What you've suggested is called a quenching circuit, and it's what is used in high-end strobes costing thousands... the damping circuit to interrupt the arc takes HUGE energy dissapation, methinks..
When the testing is complete there will be... cake.


I would think high power LEDs is the way to go
you have to watch colour temp as they are very monochromatic
(can you be slightly monochromatic?)

the big plus is you shoud be able to fire them rapidly and often with very little circuitry
there are only 10 types of people
them that understands binary
and them that doesn't


Jan 23, 2011, 07:44 pm Last Edit: Jan 23, 2011, 08:11 pm by focalist Reason: 1
Well, I now have a reason to rip apart something I've been using for less nefarious purposes... Home depot sells a 10w CREE LED light- warm white, 2700K, CRI in the high 80's.  I got one and have been using it as a great little portable modeling light.  Coupled with a pair of Interfit 150's and some creative reflector work, it makes for a cheap (under $350) and very usable portable portrait "studio" setup.  I recently posted some shots taken with the CREE LED light.

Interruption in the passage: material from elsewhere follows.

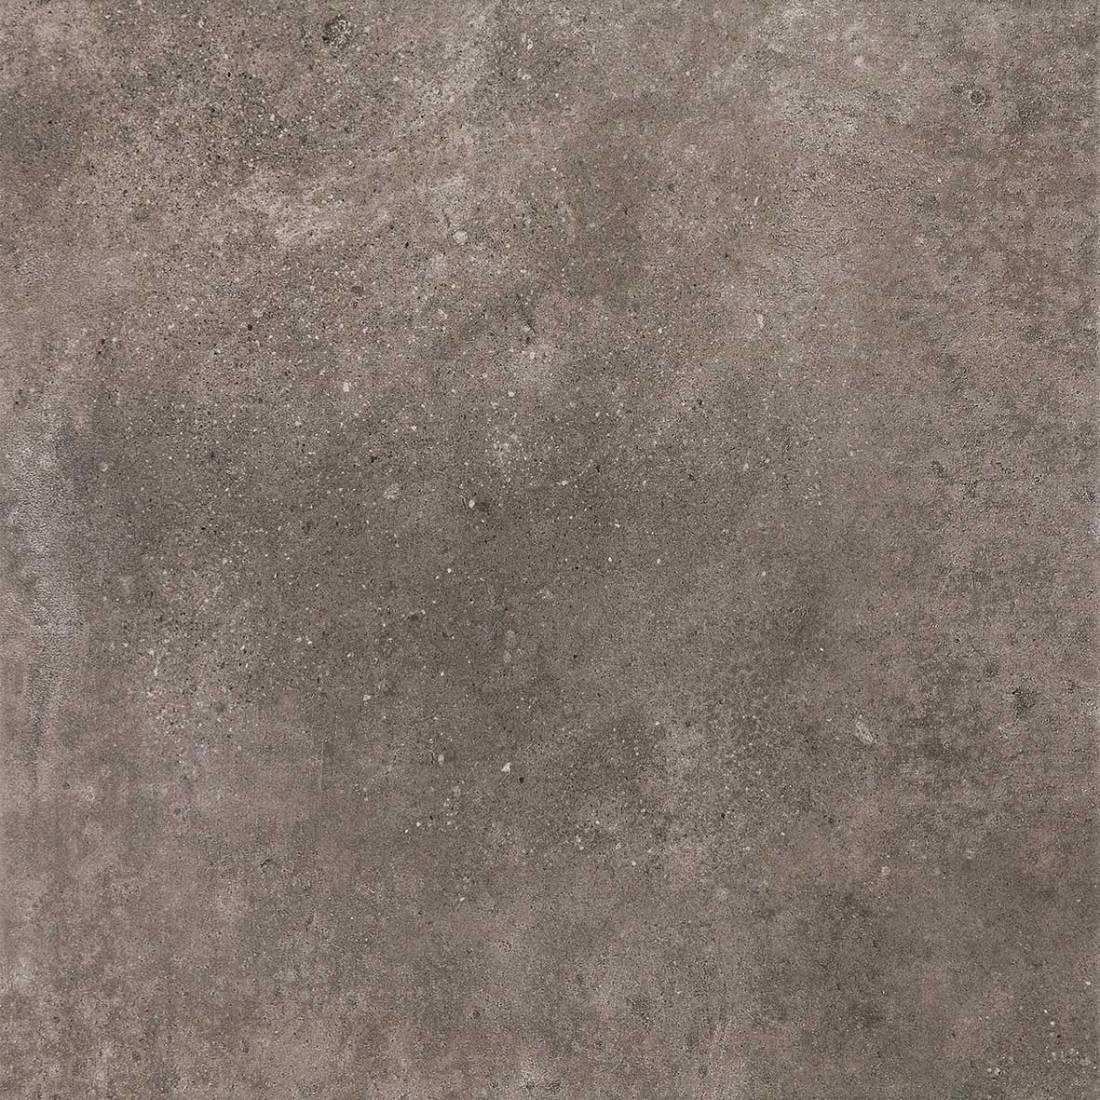 Madrid 42.5x42.5 Dark Grey 1

However, there is a significant delay between applying power and the led actually striking.. enough that it's noticable.  I'm sure that's a function of the driver circuit.

I *should* be able to place some type of control circuit in the works, and be able to use it... yet another hack to try ;)

Here's a shot from that series.  No strobes were used for this shot, it was "Rembrandt" lit 45 degrees off subject on both sides with 75w of halogen at about three feet through silk softboxes for fill.. but the main direct lighting is that 10w CREE.  It's quite visible in the shadow tones and uplighting.. the halogens are at her eye level.  If anything, it's a bit too deep in rendering of the reds...  I am not displeased with the rendering, it works really well if used in concert with more standard light sources.

When the testing is complete there will be... cake.